Tuesday, April 10th 2012
Trinity (Piledriver) Integer/FP Performance Higher Than Bulldozer, Clock-for-Clock
AMD's upcoming "Trinity" family of desktop and mobile accelerated processing units (APUs) will use up to four x86-64 cores based on the company's newest CPU architecture, codenamed "Piledriver". AMD conservatively estimated performance/clock improvements over current-generation "Bulldozer" architecture, with Piledriver. Citavia put next-generation A10-5800K, and A8-4500M "Trinity" desktop and notebook APUs, and pitted them against several currently-launched processors, from both AMD and Intel.
It found integer and floating-point performance increases clock-for-clock, against Bulldozer-based FX-8150. The benchmark is not multi-threaded, and hence gives us a fair idea of the per core performance. On a rather disturbing note, the performance-per-GHz figures of Piledriver are trailing far behind K12 architecture (Llano, A8-3850), let alone competitive architectures from Intel.
Source:
Expreview
It found integer and floating-point performance increases clock-for-clock, against Bulldozer-based FX-8150. The benchmark is not multi-threaded, and hence gives us a fair idea of the per core performance. On a rather disturbing note, the performance-per-GHz figures of Piledriver are trailing far behind K12 architecture (Llano, A8-3850), let alone competitive architectures from Intel.
115 Comments on Trinity (Piledriver) Integer/FP Performance Higher Than Bulldozer, Clock-for-Clock
A stacked APU with four Steaming modules of two(8) plus 8gig(:pimp:dreamin) of on die memory and dual gcn GPU units wouls be a truely killer App:)
And if the GPU and CPU can read and write to shared cache so the GPU could execute instruction A, C, F, H, I, J, and M, while the CPU runs B which is dependent on A, D & E which are then stored for F to run two iterations of, the checked results are then stored back for the CPU to run G....so on and so forth.

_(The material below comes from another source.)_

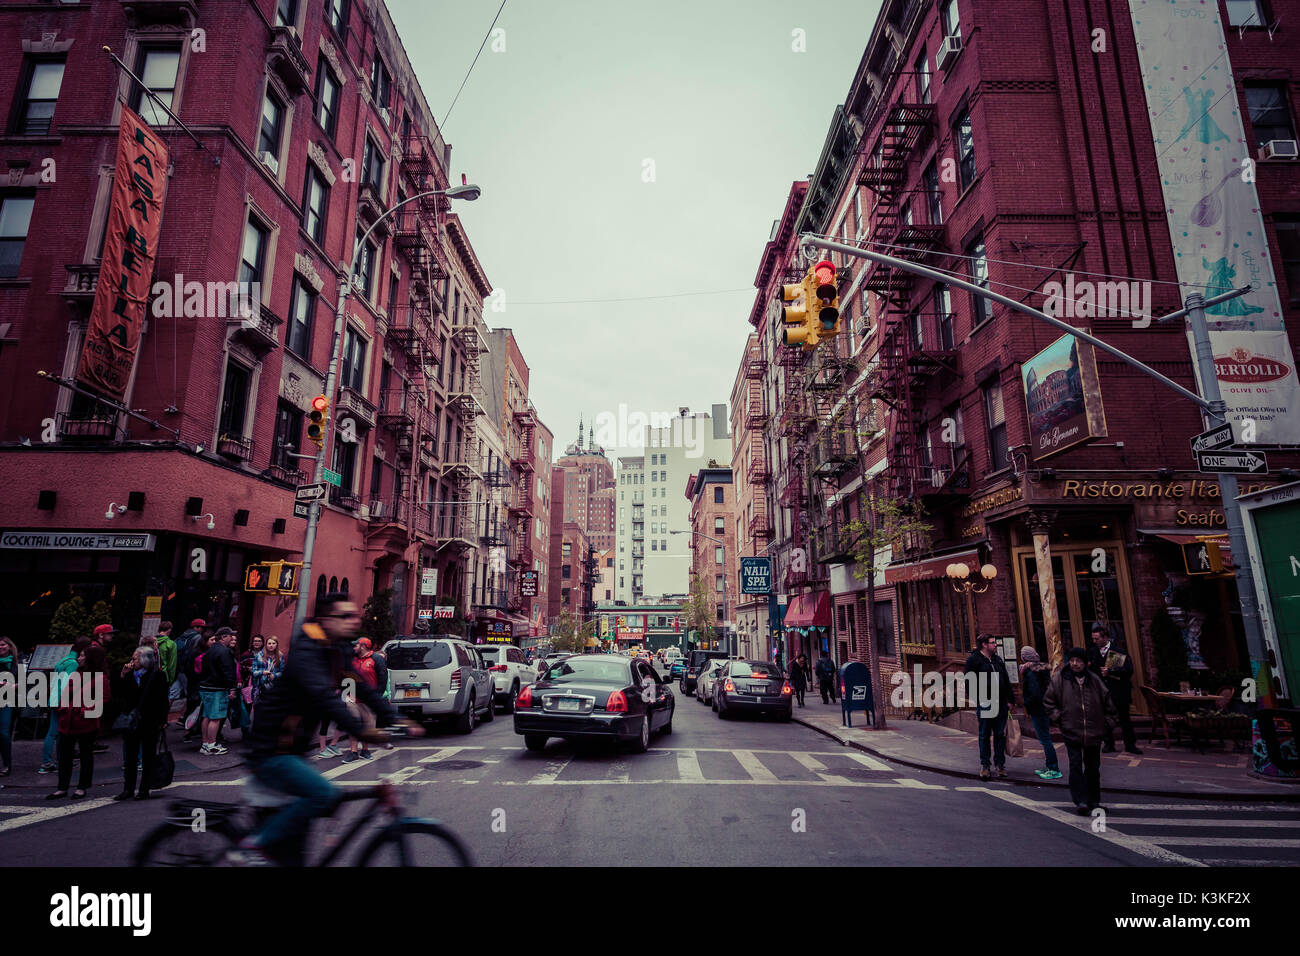 Streetview con traffico e case in mattoni, le scale antincendio, Architettura tipica in Little Italy, Manhattan, New York, Stati Uniti d'America Foto Stock

so in essence it seems like both amd and intel are taking a new approach in fetching/decoding to let the hardware decide the execution part to be as efficient as possible, that is by far what the future of computing, to try to take advantage of every piece of silicon on the die, cuz even untill now i cant think of one software that will use even a core2quad or a phenom x4 at 100% on all 4 cores, and making cores fatter and fatter also can only get so far, even intel seems to be slowing down on that approach now that they realize fabrication process shrinking is getting to its limits, and is only getting more difficult
What if Instruction B depends on data from instruction A? or F depends on data from instruction E? Between the PCI-E latency, time it takes for the GPU to execute the instruction, store it, then send it back over PCI-E you just hammered your performance by 10 fold. GPUs aren't designed for procedural code. They're designed to process large amounts of data in a similar fashion and I think you're confusing what a GPU can actually do. GPUs process many kilobytes to many megabytes of data per every instruction, not just two operands.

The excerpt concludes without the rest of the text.